In Bayern haben wir ja für die Vergabe "IMCO". Dort bin ich schon länger angemeldet. Bisher war ich Gruppe 2 (höhere Prio), weil ich bei der freiwilligen Feuerwehr bin, und ÖPNV Bereich arbeite. Nun bin ich wieder Gruppe 4 (sehr niedrig)
Finde es ja ok, das ich warten muss, aber das hin und her schieben ist auch seltsam. Zudem hat man sich wohl entscheiden die freiwilligen Feuerwehren warten zu lassen. Das mag ja für eine kleine Dorfeuerwehr mit 3 Einästzen im Jahr vertretbar sein, aber bei uns mit 300 Einsätzen pro Jahr und nur 60 Aktiven, würden ein paar Corona Infektionen schon ein Loch in die Einsatzbereitschaft reisen.

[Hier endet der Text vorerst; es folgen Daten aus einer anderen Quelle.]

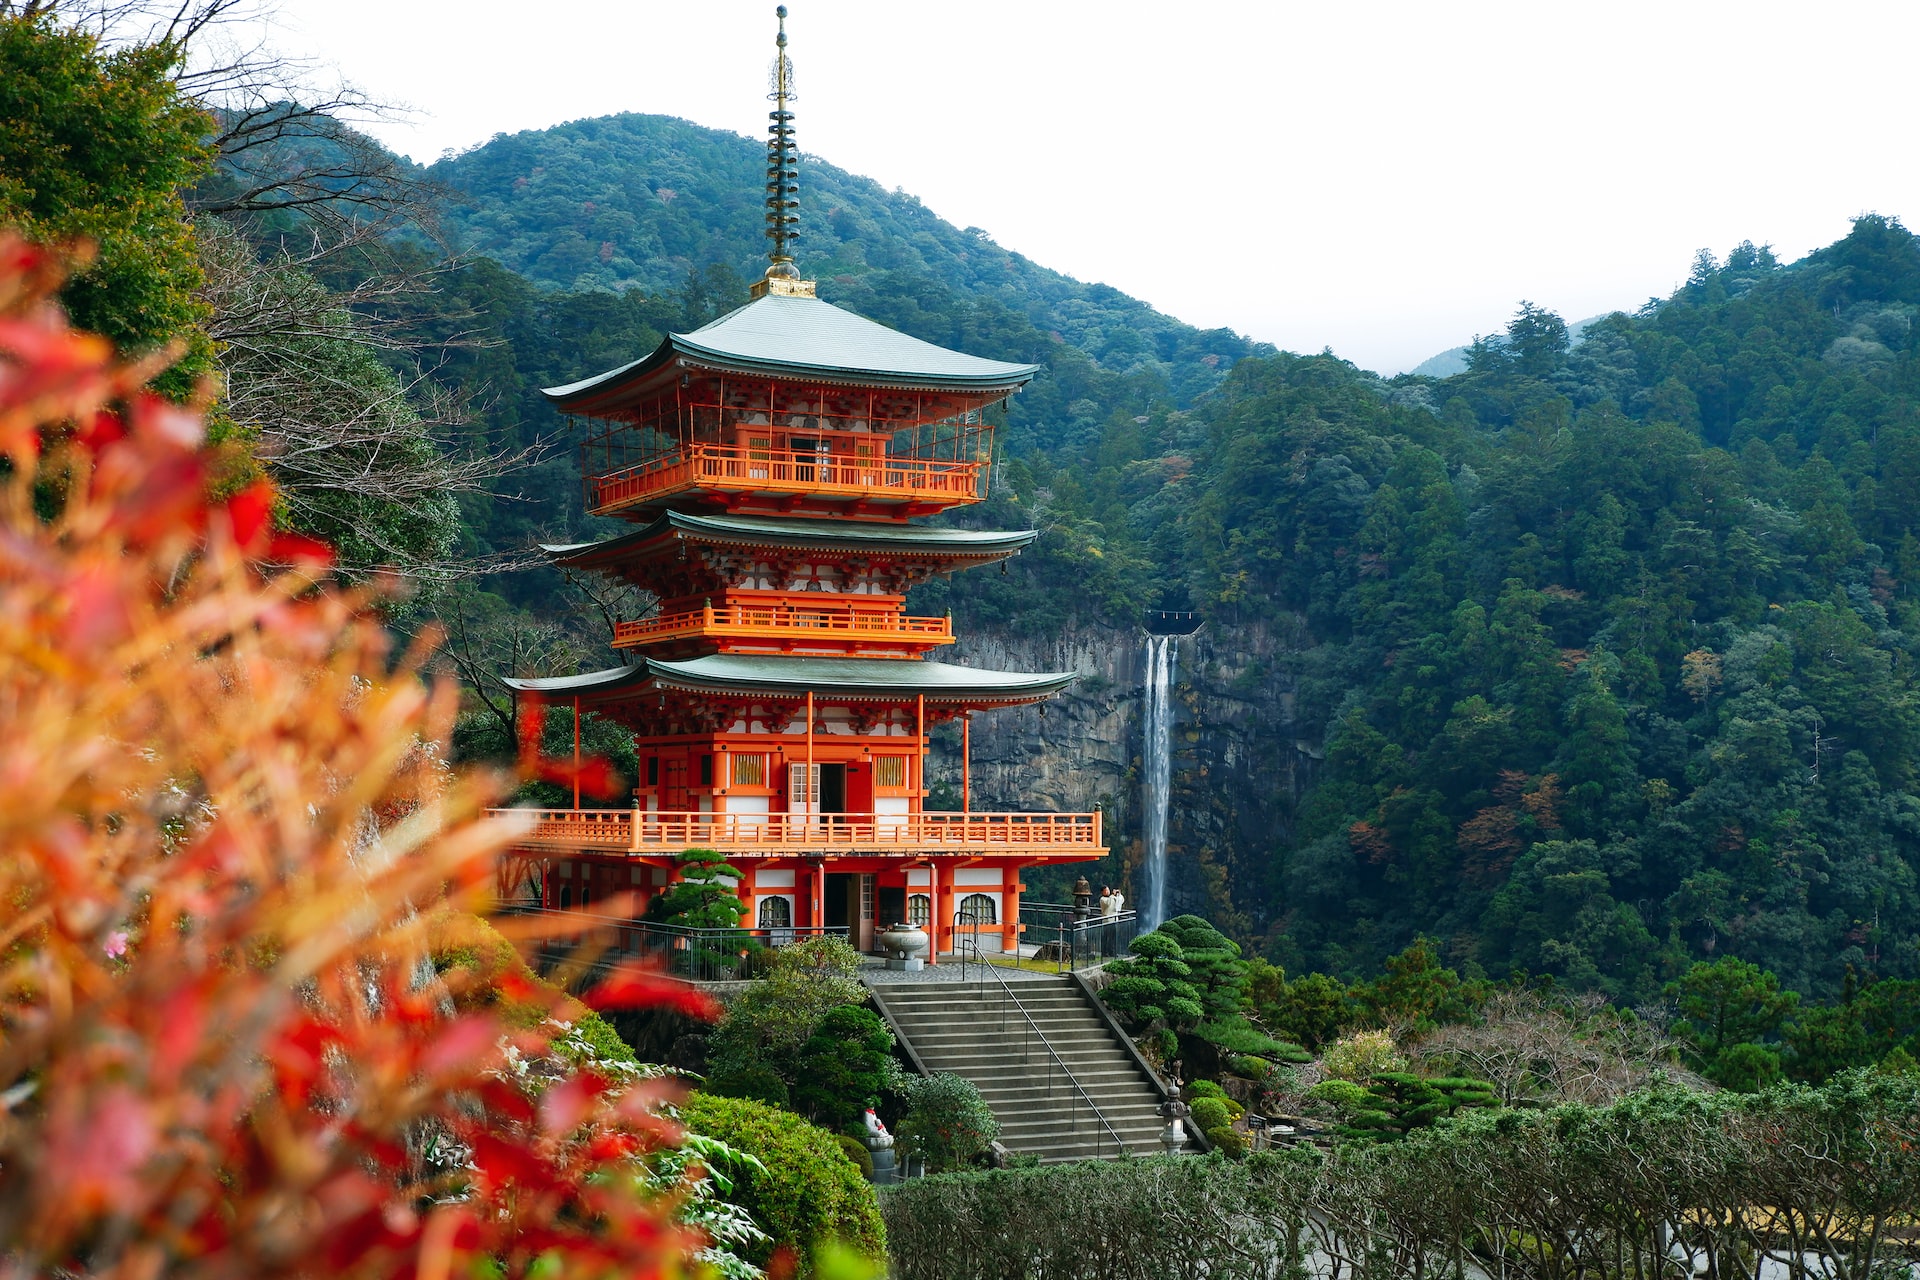 A photo of a vermillion three-tiered pagoda at the Kumano Nachi Waterfall in Japan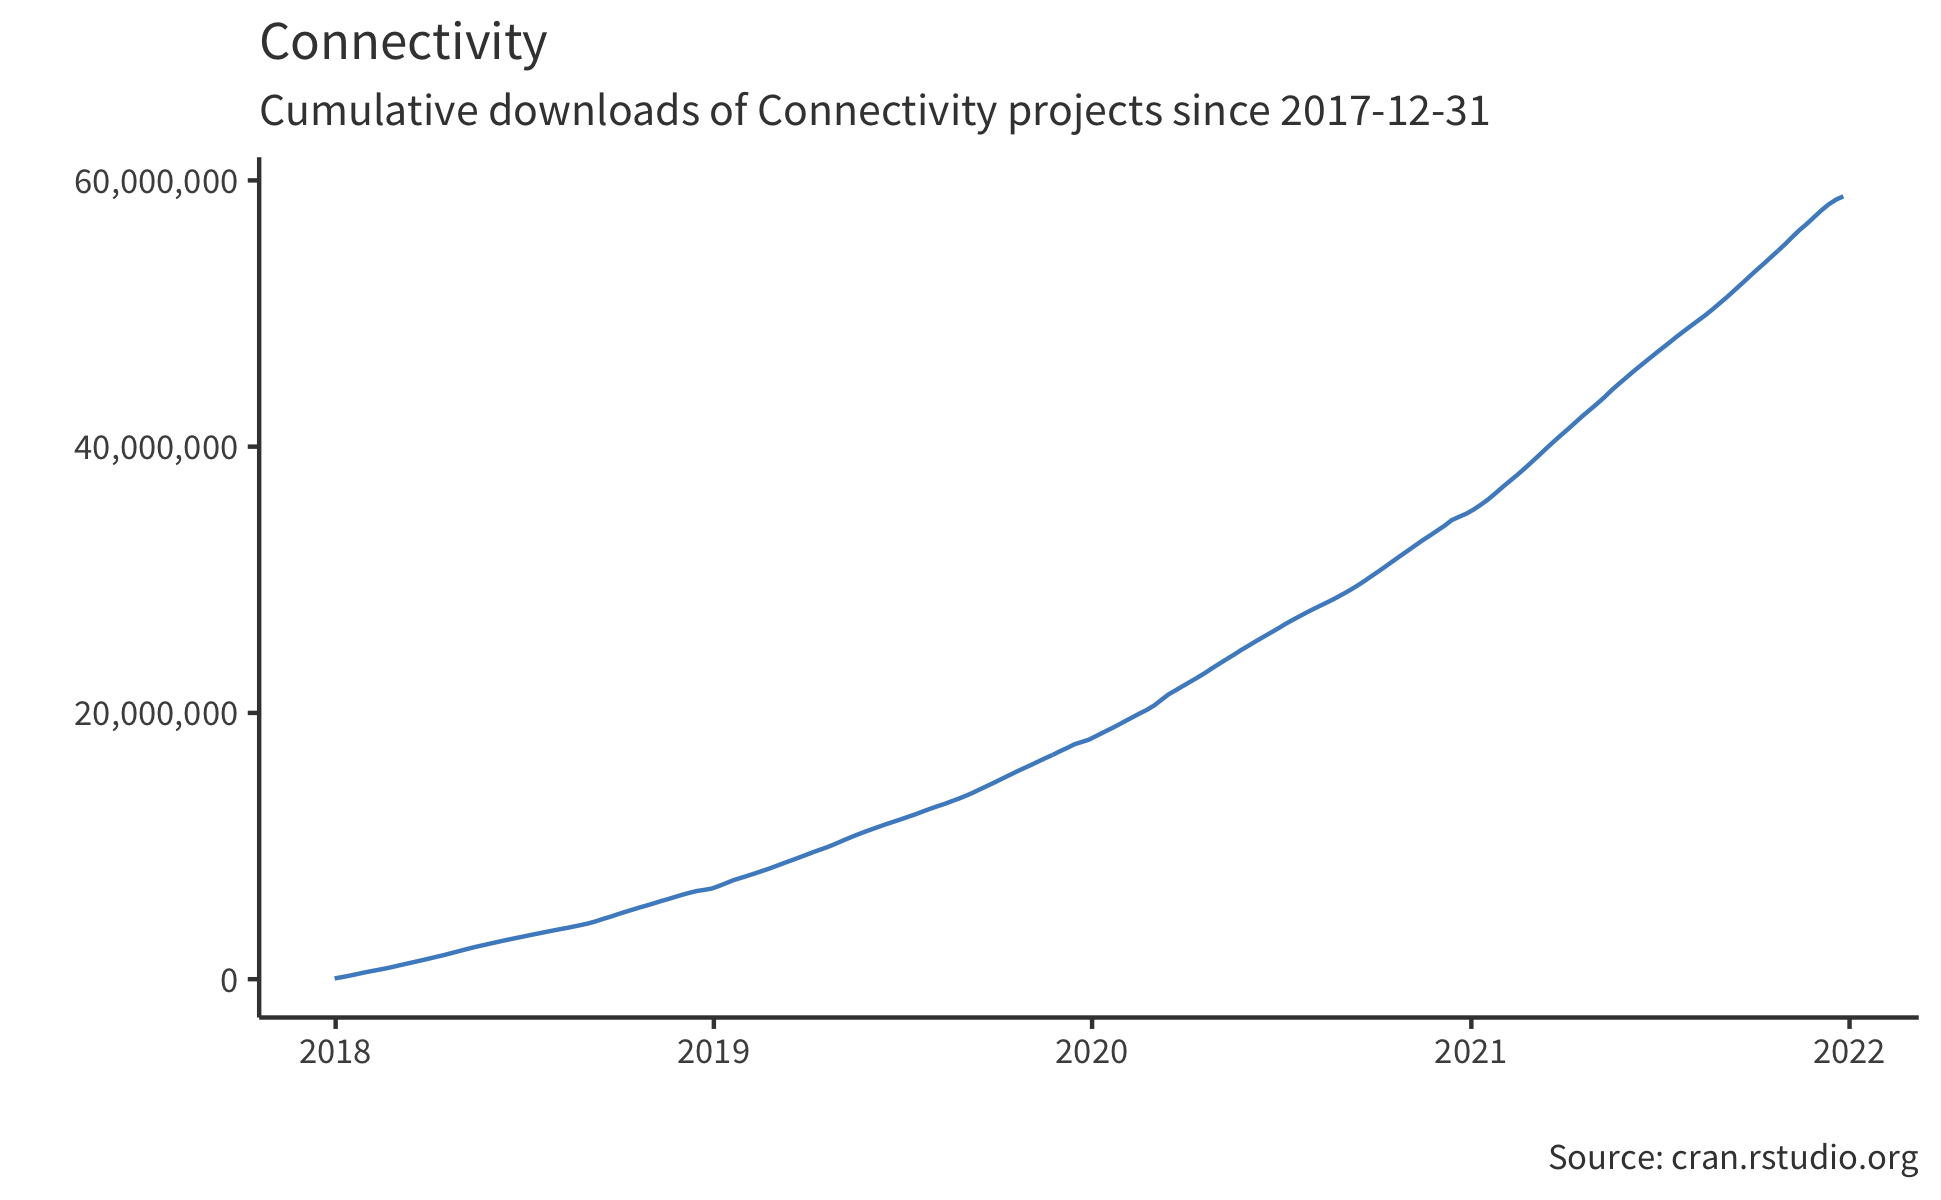 Connectivity Packages

Und wir geraten eben oft in Situationen wo keine Maske getragen werden kann, oder der Abstand nicht eingehalten werden kann. Das geht schon bei einem simplen Brandmelder mit dem Ausrüsten mit Atemschutz los.
 
So nun hats mich erwischt.

Seit gestern habe ich Fieber 38,5, Husten und Schüttelfrost, sonst keine Symptome.
Ein selbsttest Heute gemacht der Negativ war und wenn es Morgen noch nicht besser oder schlimmer ist habe ich noch ein Test da.

Die Frage die ich mir die ganze zeit stell ist: Soll ich die 116117 anrufen oder nicht, ich will ja auch keine Panik verbreiten.
 
Die Frage die ich mir die ganze zeit stell ist: Soll ich die 116117 anrufen oder nicht, ich will ja auch keine Panik verbreiten.
Kannst du dich selbst für die kommenden 2 Wochen in Quarantäne stecken? Dann würde ich nicht anrufen. Sollten sich die Symptome verschlimmern oder du keine Quarantäne einhalten können lieber ab ins KH/Hausarzt, dort wirst du dann sowieso getestet. Vorher aber anrufen und fragen, wie du dich als potentiell positiver Coronapatient am sichersten verhältst.